PEG represents: RO (CH)₂CH₂O)n-CH₂CH₂R is H or CH₃N is 5-1000; cys is cysteine, covalently linked to the M group by a side chain thioether atom.

The polyethylene glycol derivative of human PTH (1-34) of the present invention is also a compound having the structure of formula (II), including compounds modified with PEG-MAL, PEG-VS or PEG-IODO after introduction of cysteine at the C-terminus of human PTH (1-34):

PTH(1-34)-Cys-M-PEG (II)

PEG, Cys and M are as defined for formula (I).

The polyethylene glycol derivative of human PTH (1-34) of the present invention is also a compound having the structure of formula (III), comprising a PEG covalent compound of amino groups including N-terminal amino group and lysine side chain amino group at any site of human PTH (1-34).

[PEG-X-(CH₂)mCO-NH]z-PTH(1-34) (III)

PEG is defined by the same formula (I); x ═ O, NH or NHCO; m is 0-6; and z is 1-4.

The polyethylene glycol derivative of human PTH (1-34) of the present invention is also a compound having the structure of formula (IV), including compounds in which the carboxyl group at any site of human PTH (1-34), including the C-terminal carboxyl group, the carboxyl groups of the side chains of aspartic acid and glutamic acid, is covalently modified with PEG.

PTH(1-34)-[CO-Y-PEG]z (IV)

PEG is defined by the same formula (I); y is O or NH, and z is 1-5.

Another object of the present invention is to provide a process for the preparation of pegylated derivatives of human PTH (1-34).

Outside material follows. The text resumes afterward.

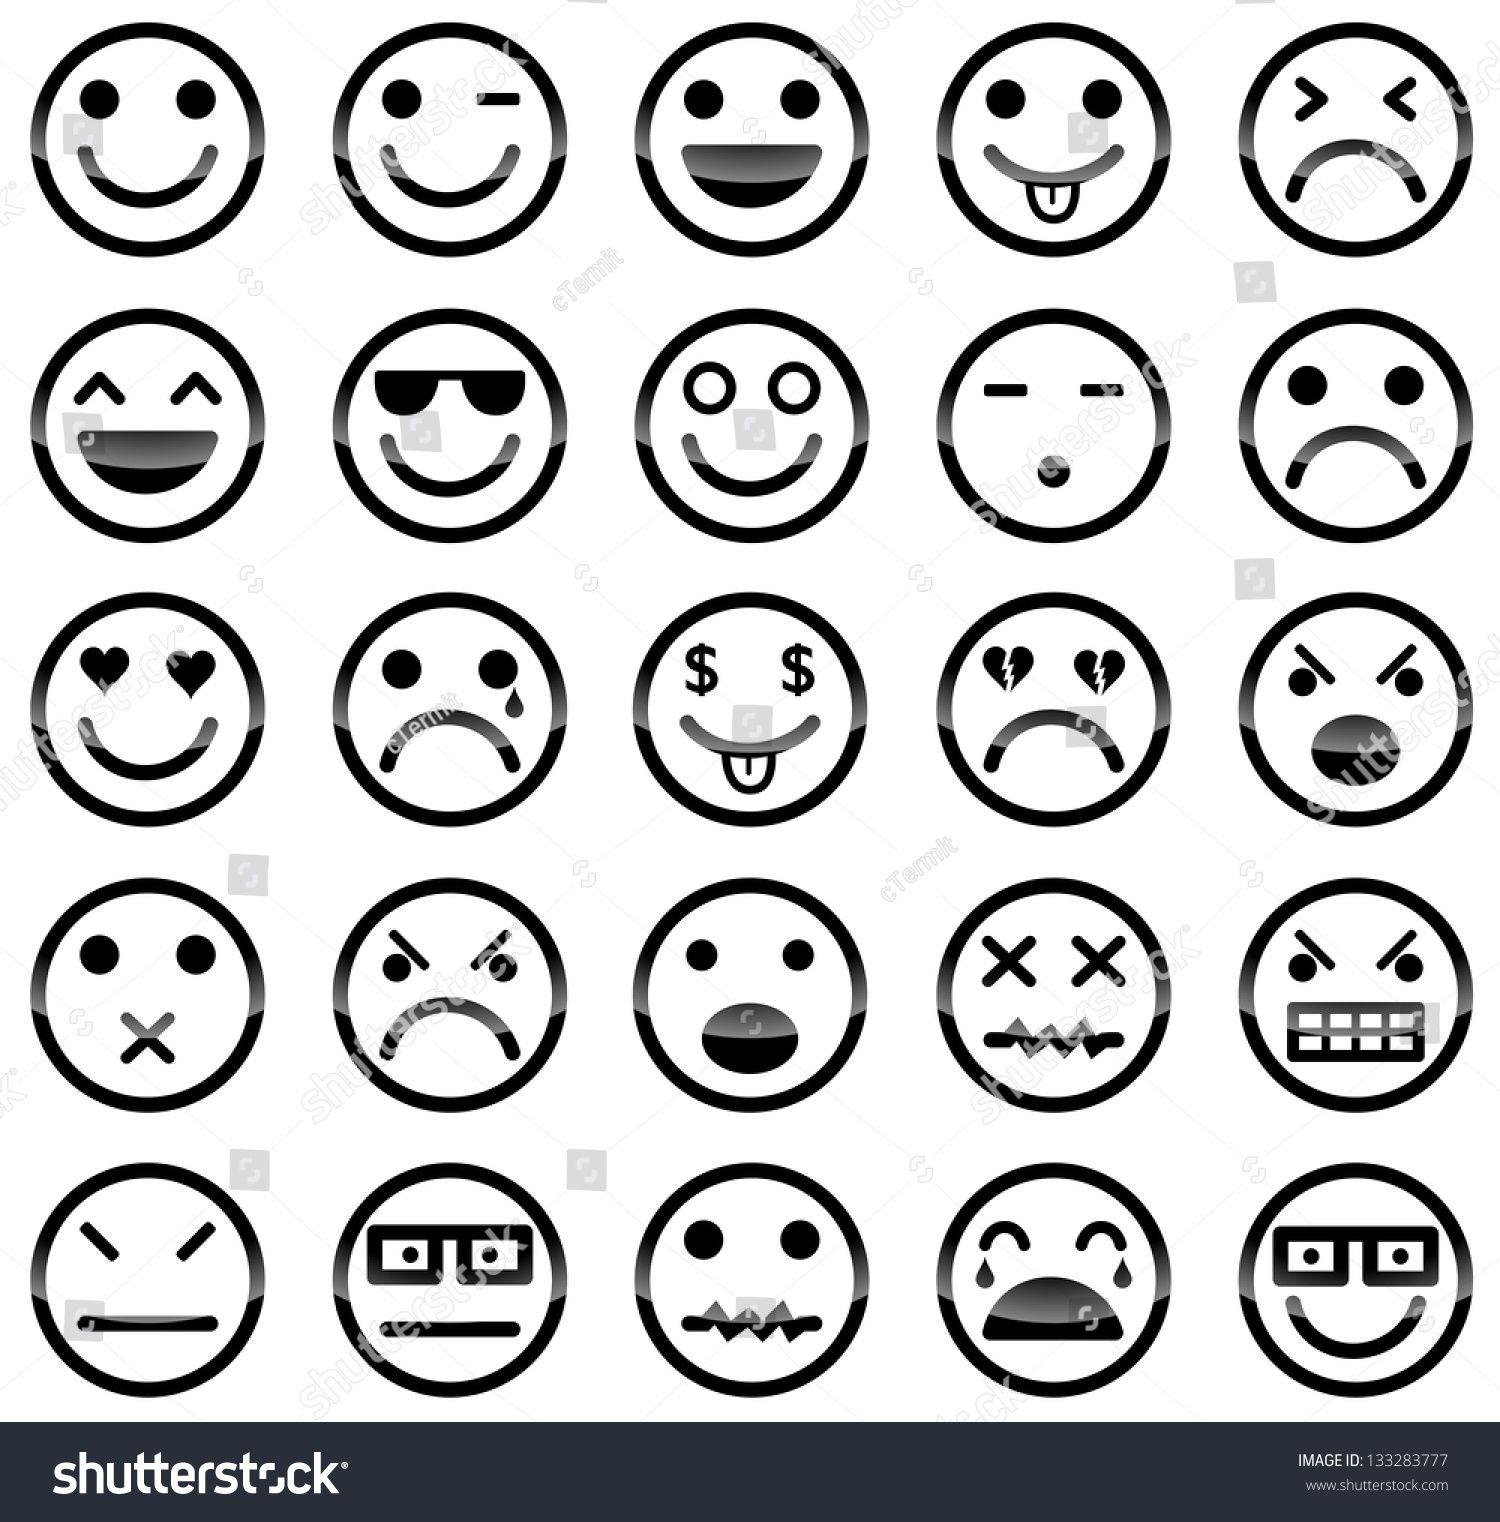 Vector Icons Of Smiley Faces Emoji Tekening Smiley Cartoon Gezichten
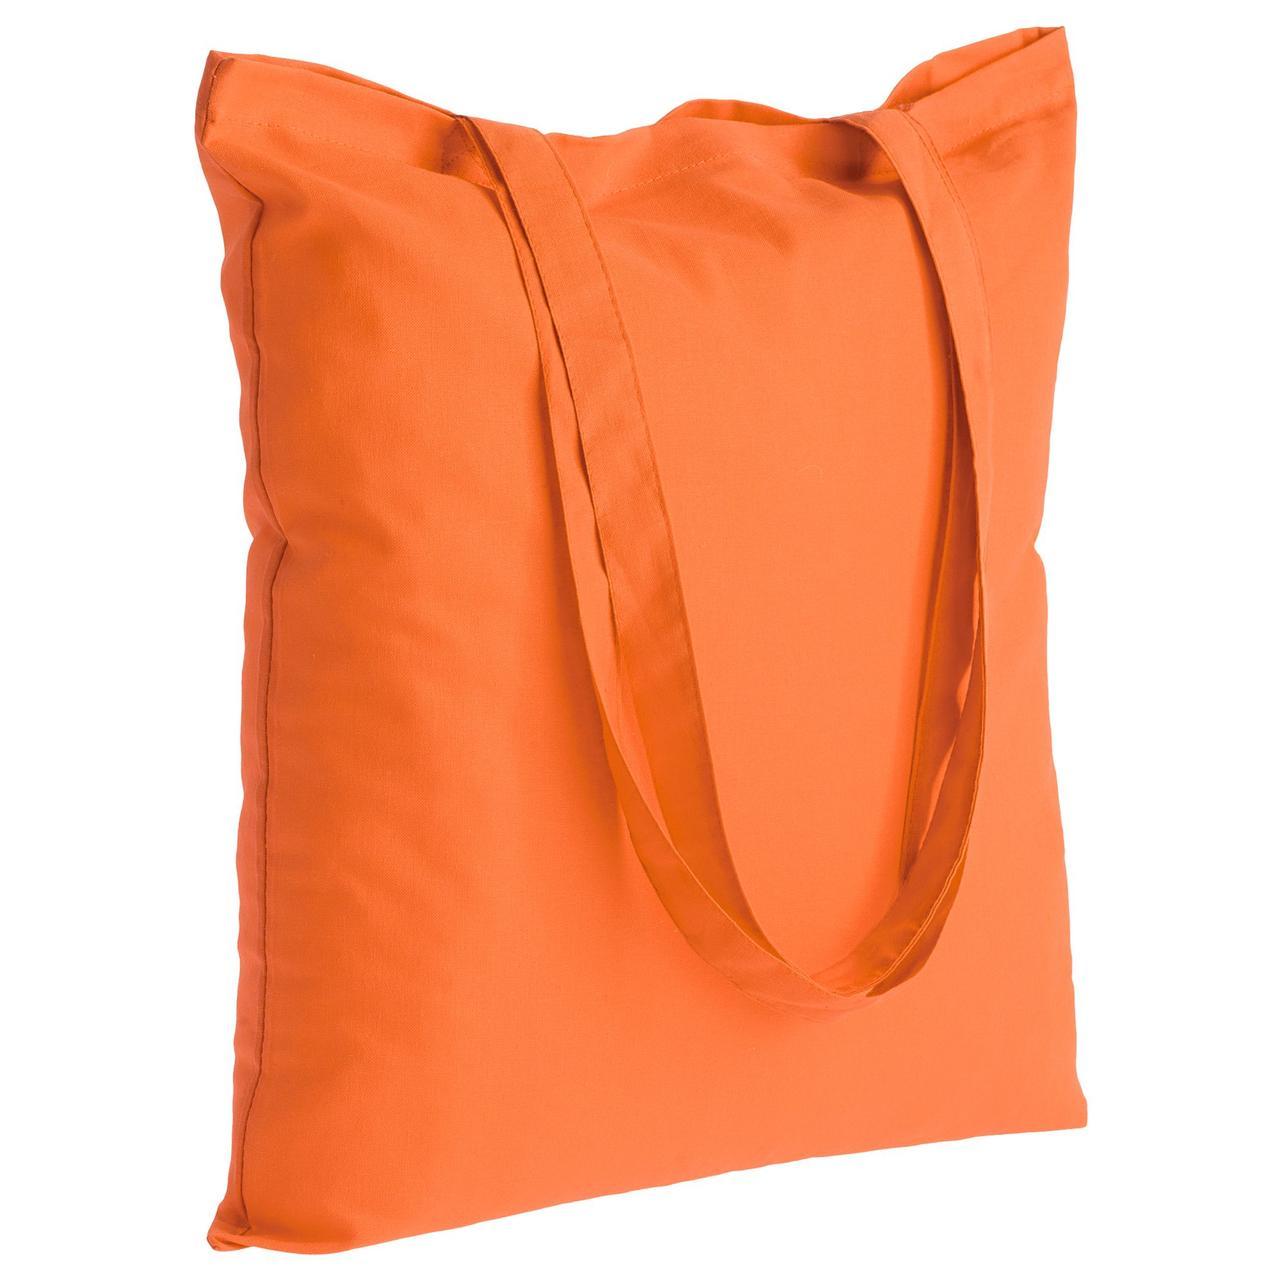 Холщовая сумка Optima 135, оранжевая (артикул 5452.20)

The PEG-OH structure used by the invention is as follows: RO (CH)₂CH₂O)n-CH₂CH₂-OH, R ═ H orCH₃And n is 5-1000. PEG-OH with an average molecular weight of several hundred to several tens of thousands is commercially available as a commercial reagent, PEG-NH₂Can be purchased or obtained by the following reaction:

adding PEG-NH₂Respectively reacting with maleic anhydride, vinyl thionyl chloride and iodoacetic anhydride to obtain PEG-MAL, PEG-VS and PEG-IODO. PEG-MAL was obtained by the following reaction:

PTH (1-34) can be synthesized by solid-phase or liquid-phase peptide synthesis, in which a Cys is easily introduced at the N-or C-terminus. Dissolving the peptide chain containing Cys in water, adjusting pH with sodium bicarbonate 7-8, adding 3 times equivalent of PEG-MAL or PEG-VS and PEG-IODO, stirring at room temperature for reaction, and purifying with reversed phase high performance liquid chromatography to obtain PEG modified PTH (1-34) derivative.

The reaction of PEG-MAL to modify Cys-PTH (1-34) is as follows:

PEG-NH₂reacting with succinic anhydride to obtain PEG-NHCOCH₂CH₂COOH, then the compound can be used as a carboxyl component, and can be coupled to the N-end of the polypeptide on a solid phase, and finally the product is obtained by trifluoroacetic acid cleavage and reversed phase high performance liquid chromatography purification. Introducing amino group, carboxyl group or preparing PEGylated modified amino acid at one end of PEG, such as Fmoc-Lys (NH-COCH)₂-PEG) -OH and Fmoc-Asp (CO-NH-PEG) -OH, and then the coupling is carried out in a peptide sequence by a liquid phase or solid phase method to realize the polypeptideN-terminal amino group, C-terminal carboxyl group, Lys side chain amino group, AModification of side chain carboxyl of sp or Glu.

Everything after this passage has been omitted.